The concentration of Cry1AB (69 kDa species) and the ~67 kDa species is nearly the same in both plants, but these bands are barely visible at the 46 and 52 kDa region of the blot for protein preparations isolated from BT10. (In fact, when I printed the report for my use I could not see these bands. They became only just visible when they were printed using a different printer!) I would expect these profiles to be identical unless the proteins detected were not breakdown products at all, but legitimately synthesised proteins of different mRNA transcripts. I also do not know whether their characterisation as breakdown products was ever challenged by regulatory authorities evaluating BT11. This new work by Syngenta, along with the very recent observation of transcription across the nos terminator and processing of transcripts that include the nos region, may provide reason to reconsider the safety analysis of BT11.
Different inconsistencies are apparent in the PAT Western blot. The PAT levels in BT10 appear to be much higher than in BT11. This is not readily explained by the overall DNA sequence similarity between the BT10 and BT11 events. Moreover, the differences in concentration could indicate a higher overall stability of the PAT protein, and possibly Cry1AB protein (if it is true that the lower molecular weight bands are indeed breakdown products in BT11), produced by BT10. If indeed these proteins are inherently more stable, or delivered to consumers at higher concentrations, their potential to be allergens may be underestimated by studies using BT11 as the source.

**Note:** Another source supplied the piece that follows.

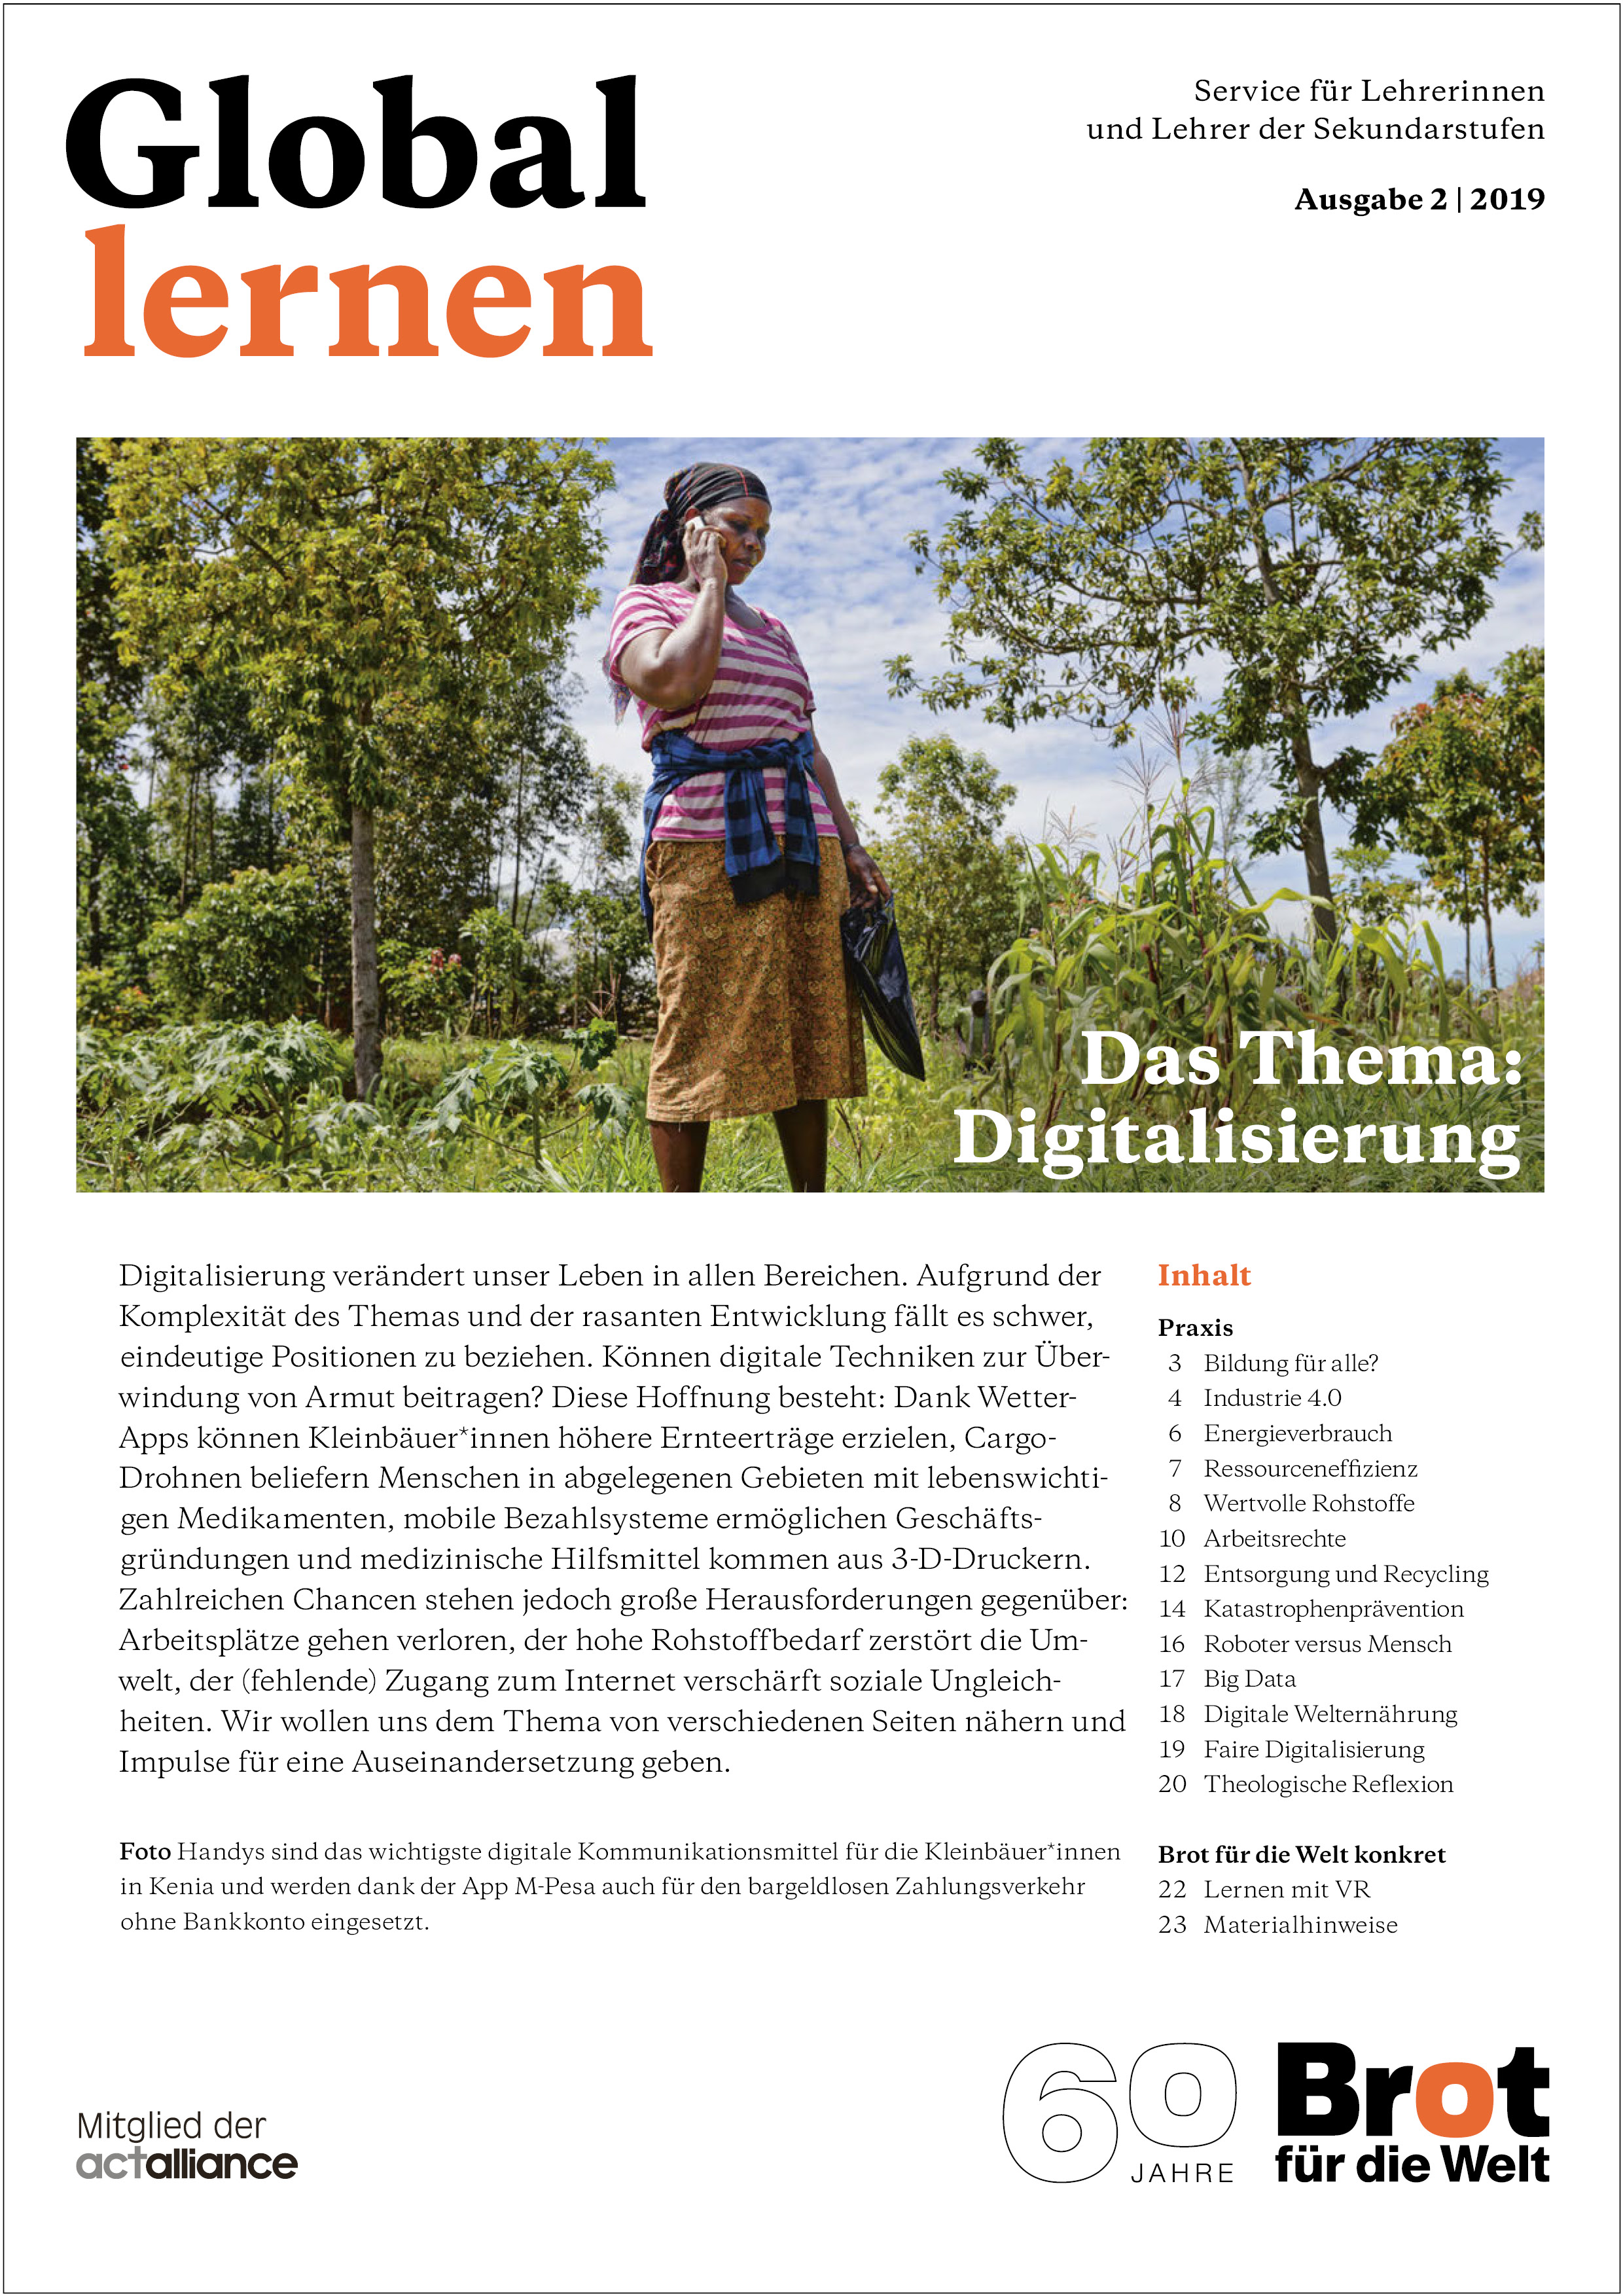 Global lernen: Digitalisierung

In summary, it is not possible for me to assess the importance of the three reported base changes in the characterised BT10 event, because the importance of DNA sequences is in part derived from their context and contribution to higher-order events on the RNA and protein level. While a difference of three nucleotides may seem small, we know that it may not be unimportant. Clearly the events are in different contexts (by being on different chromosomes) and the Western blots suggest, but do not prove (since they were semi-quantitative), that there are significant differences in expression profiles between BT10 and BT11.
The New Zealand Institute of Gene Ecology is a public research centre that emphasises responsiveness to the research questions from the public, particularly those who do not have direct access to the resources to conduct their own research. We have conducted this analysis free-of-charge as part of the University’s role as critic and conscience of society.
Assoc. Prof. Jack Heinemann, PhD
18 May 2005
Cry1Ab Syngenta recombinant allele of a gene sourced from Bacillus thuringiensis.
Confers resistance to certain insects.
PAT phophinothricin acetytransferase (herbicide tolerance).